Это была чистая правда. Я мало что знал о том, как именно AXE вписывается в механизмы бюрократии Дяди Сэма. Официально только президент и избранные члены Совета национальной безопасности имели право знать, чем именно мы занимаемся, и большую часть времени они предпочитали смотреть в другую сторону. У нас были и офицеры связи с ФБР и ЦРУ, но в основном наше взаимодействие с этими ведомствами сводилось к выполнению «силовой» работы, когда нужно было вытаскивать их каштаны из огня. Но откуда берутся деньги и как за них отчитываются перед налогоплательщиками — в это меня никогда не посвящали.

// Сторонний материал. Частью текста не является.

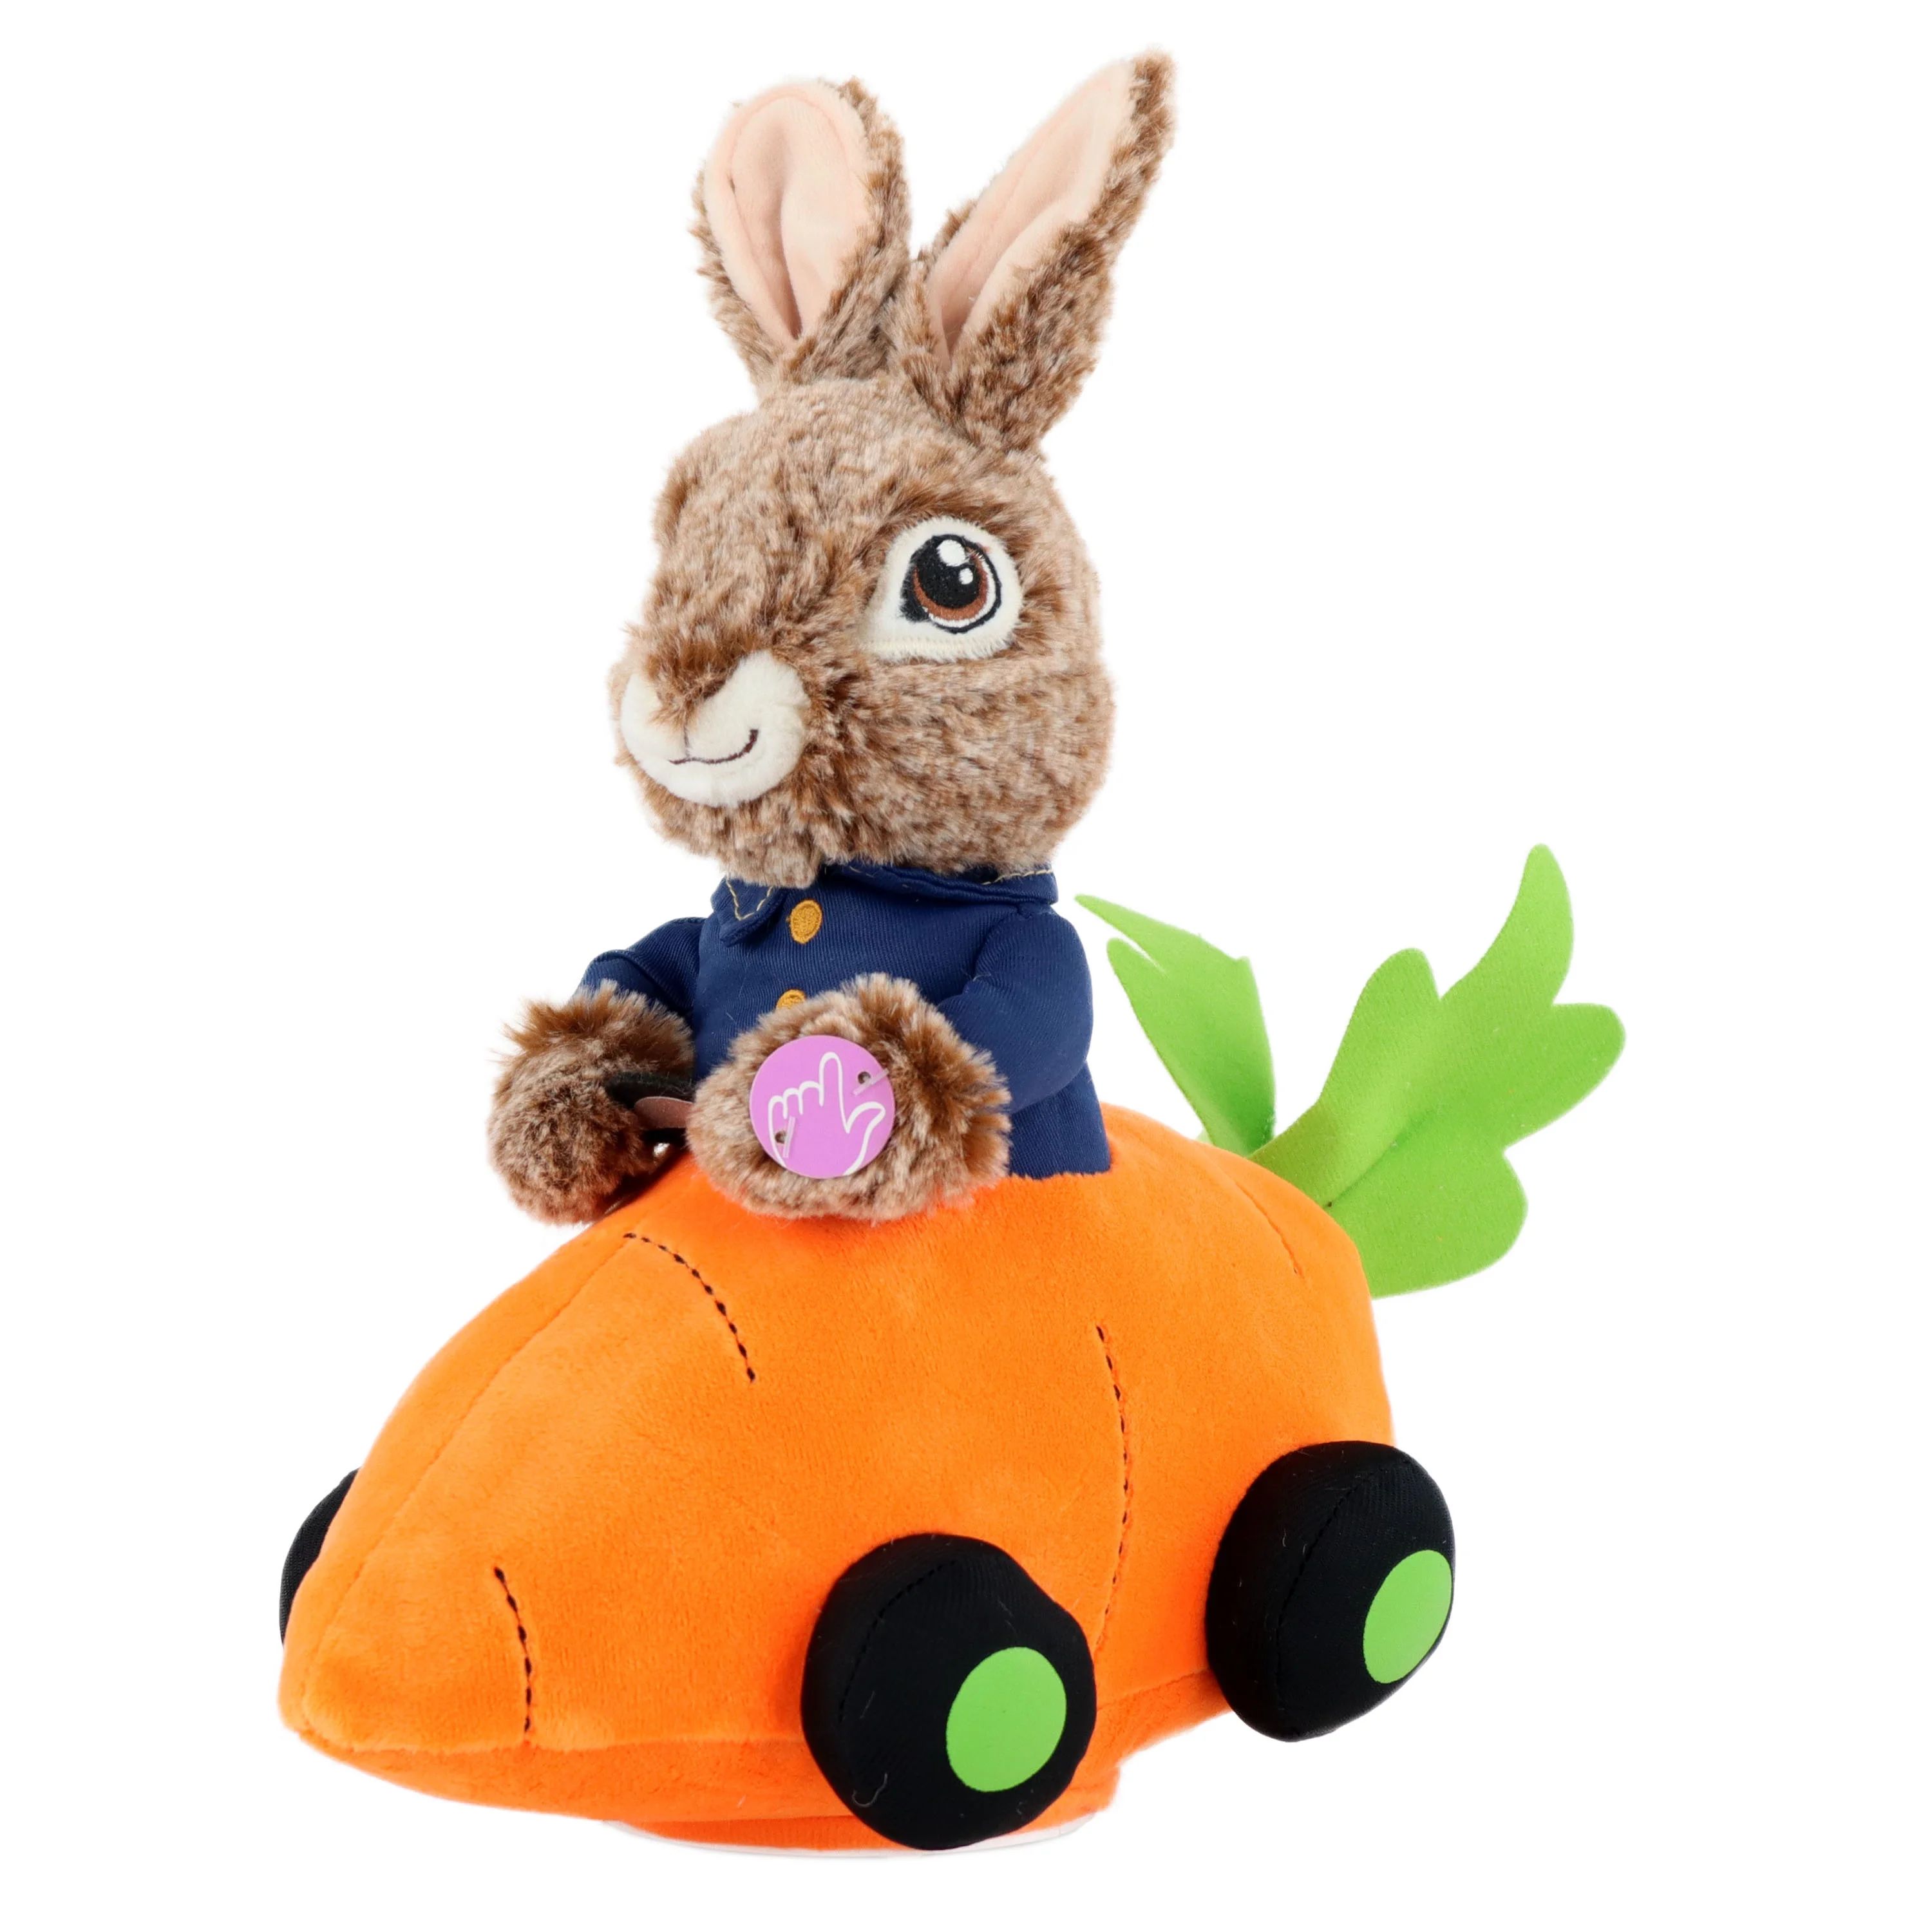 Peter Rabbit Small Animated Easter Plush Toy - Walmart.com | Walmart (US)

— В целом, — сказал Хоук, — год выдался довольно спокойным. Может, и не таким спокойным для тебя и пары других наших лучших оперативников, но по сравнению с иными временами, всё шло гладко. Русские не хотят портить разрядку, ввязываясь в провокации, которые могут обернуться против них, а у китайцев, похоже, свои внутренние проблемы. Это не продлится вечно, конечно, и вот тут-то и кроется загвоздка. Любое государственное учреждение, у которого к концу года в кассе остаются лишние деньги, вознаграждается тем, что на следующий год бюджет ему урезают.
Я начал догадываться. — Значит, этот «Отдел физической подготовки и боевой выучки» был состряпан как удобный способ быстро потратить кучу денег, чтобы вы могли заявить о пустых карманах тем, кто раздает «зелень».
— В общих чертах — да, — ответил Хоук, — хотя по открытой линии я бы тебе этого не сказал.
Я хотел было спросить Хоука, почему бы ему просто не выписать всем огромную премию, но передумал. Я восхищался хитростью старика и неохотно признал необходимость того, чтобы участие агентов было обязательным. Он сообщил мне еще несколько подробностей об организации процесса и предложил на следующее утро явиться по адресу на Хадсон-стрит, который они переоборудовали в своего рода летний лагерь для секретных агентов.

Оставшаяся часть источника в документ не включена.